Roberts chosen as new school superintendent


Dr. Owen Roberts, third finalist for the superintendent's position, mingles before a community forum at the Matheson Museum on Wednesday, May 14, 2014 in Gainesville, Fla.

Matt Stamey/The Gainesville Sun
Published: Tuesday, June 3, 2014 at 9:34 p.m.
Last Modified: Wednesday, June 4, 2014 at 11:41 a.m.

Correction: Scott Ward is the chief financial officer for Alachua County Public Schools. An earlier version of this article misstated his name.

The new superintendent of Alachua County Public Schools will also be the first black person to assume the top job in district history.

Owen Roberts, of Lauderdale Lakes, accepted the board's offer Tuesday evening after members voted unanimously to bring him on board with a minimum three-year contract.

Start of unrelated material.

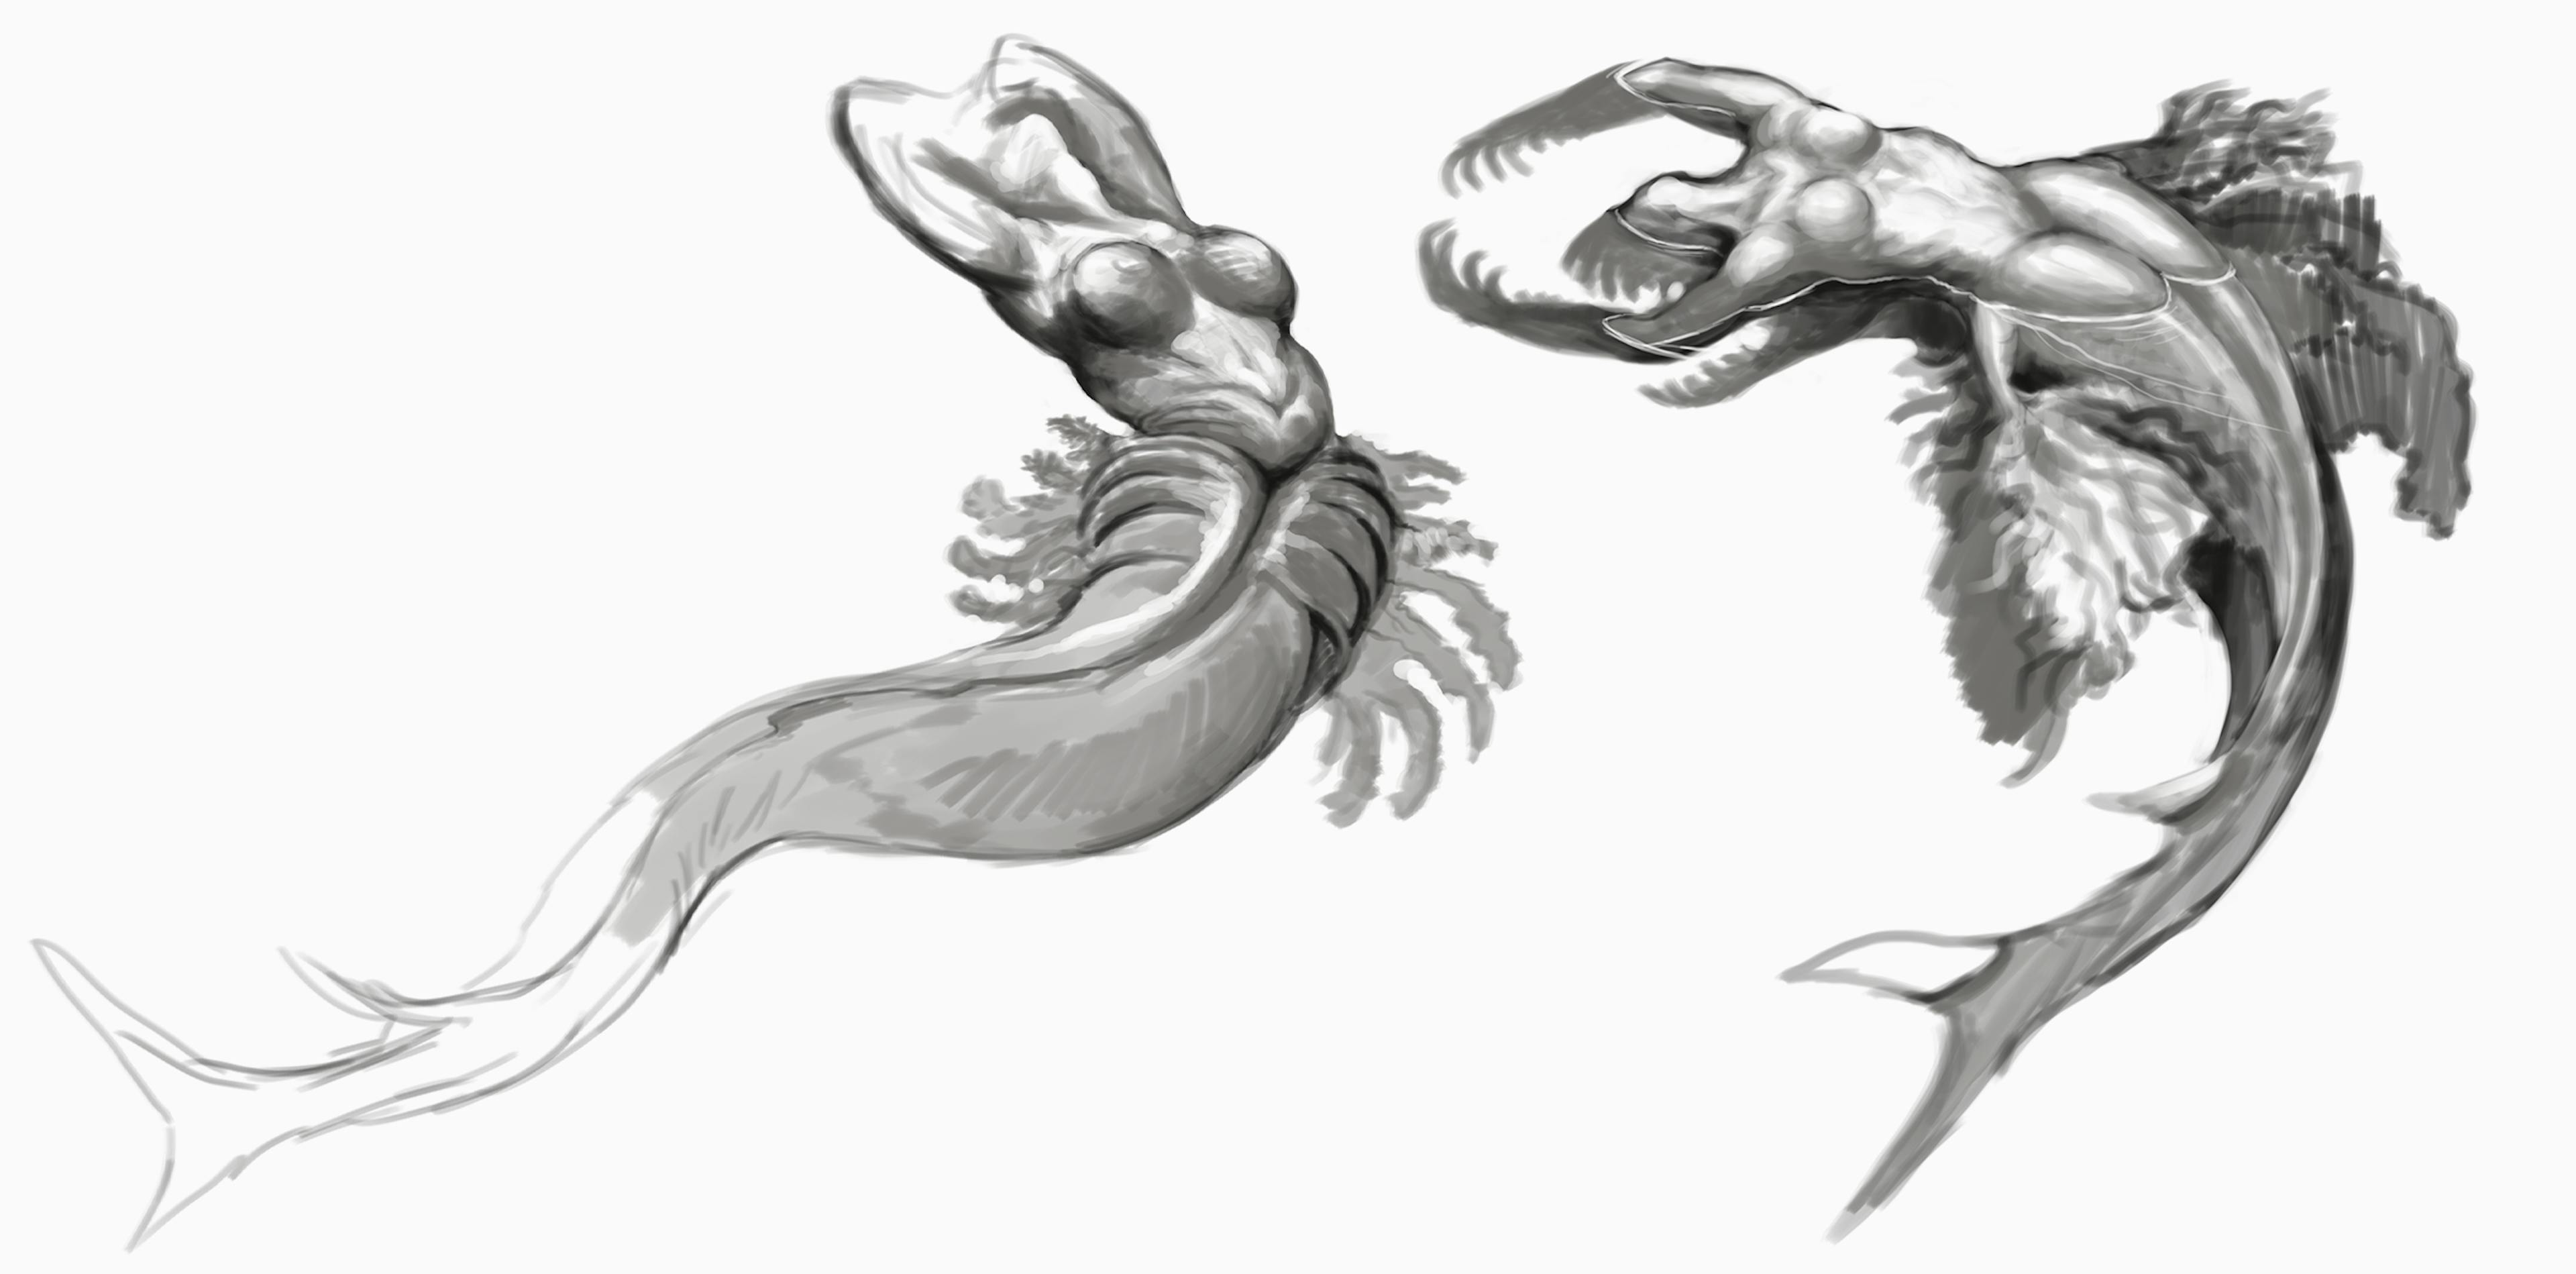 Sketches of mermaids

Board chairman Gunnar Paulson held his cellphone to his microphone during the meeting so the audience at the Kirby-Smith Center could hear Roberts' response.

"I am very honored," Roberts said. "I will accept."

"I will do everything in my power to meet the expectations of the board and the community," he added.

Paulson said he will start negotiations with Roberts as soon as possible. The board offered a salary range of $140,000 to $170,000 with full benefits.

Scott Ward, chief financial officer for Alachua County Public Schools, said the district budgeted $29,000 for the cost of the search but he didn't have the actual cost of the search Tuesday evening.

Paulson thanked Interim Superintendent Hershel Lyons for his work in steering the school district since former Superintendent Dan Boyd's retirement in September.

"It has been commendable, and you've done it in a very professional manner. It's been a pleasure," Paulson said.

Roberts has nearly 40 years of experience in education.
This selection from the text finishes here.